- Born: Cristina Marie Abrina Magno
- Education: Boston University UCLA Anderson School of Management
- Occupations: Co-CEO, FactoryMade Ventures
- Board member of: El Rey Network Tres Pistoleros Studios
- Website: factorymade.com

= Cristina Patwa =

American businesswoman

Cristina "Cris" Magno Patwa is the co-CEO of FactoryMade Ventures, a Los Angeles–based entertainment and media incubator.

== Early life and education ==

Patwa, who grew up in the Philippines, attended Boston University. Following her graduation, she attended the Anderson School of Management at UCLA, and was awarded an MBA in 2007. She was licensed as a CPA in California in 2011.

== Career ==
After a brief tenure at Fox Filmed Entertainment, Patwa was hired by Disney ABC Television as a director of business development. She remained at Disney ABC until 2008, when she joined William Morris Endeavor (WME) as vice president, Intellectual Property. She was named Senior Vice President and Head of Strategic Planning and Business Development in 2009.

At WME, in addition to working with Telefonica and JC Penney, Patwa served as an advisor to toy company Hasbro on the Transformers and GI Joe film franchises. She helped develop the creation of Hasbro Studios' Hub Network (with Discovery Communications) and on the development and launch of HSN's online gaming and e-commerce platform HSN Arcade. Patwa worked closely with WME founding board member John Fogelman during her tenure at the company.

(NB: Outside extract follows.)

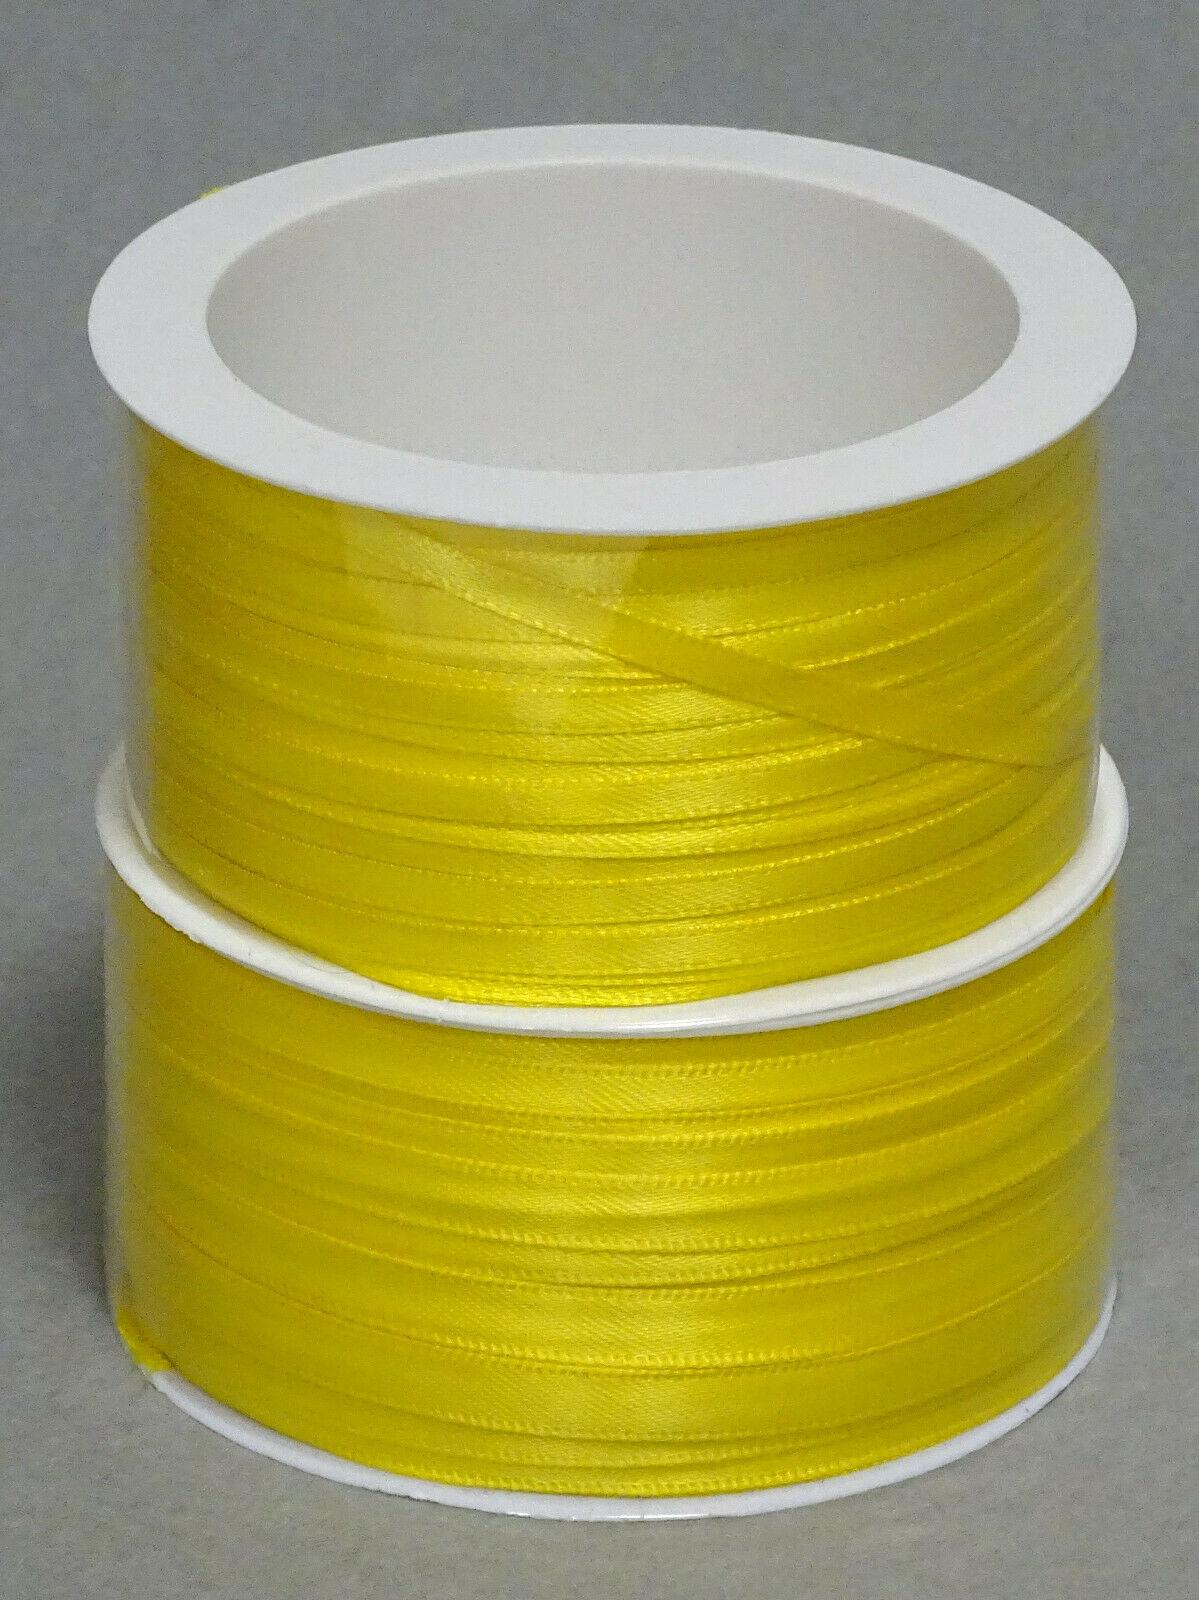 Satinband Schleifenband 50m x 3mm / 6mm Dekoband ab 0,05 €/m Geschenkband Rolle - Gelb 245, 6 mm x 50 m

In 2011, Patwa and Fogelman left WME to found FactoryMade Ventures as its Co-CEO. At launch, the company announced alliances with Hasbro, Telefonica, RTL Group, director Michael Bay, filmmaker Robert Rodriguez, producer Thom Beers and comedian Whoopi Goldberg, in addition to filmmaker J. J. Abrams, who was then a principal investor. Abrams withdrew from the company in January 2012, reportedly due to his schedule. In November 2014, Japanese conglomerate Mitsui & Co. purchased a minority stake in FactoryMade.

In December 2013, Patwa partnered with Robert Rodriguez to create the El Rey network, an English language American television channel targeting Latino audiences. In addition to serving on the board of directors for FactoryMade and El Rey, Patwa is an executive producer for Rodriguez' original series From Dusk Til Dawn, and El Rey's second original scripted series, Matador. She is on the board of directors for Tres Pistoleros Studios, which she co-founded, and is an executive producer for the studio's Director's Chair, Lucha Underground, Cutting Crew and, with Scott and Dierdre Gurney, an untitled Vice Mexico series.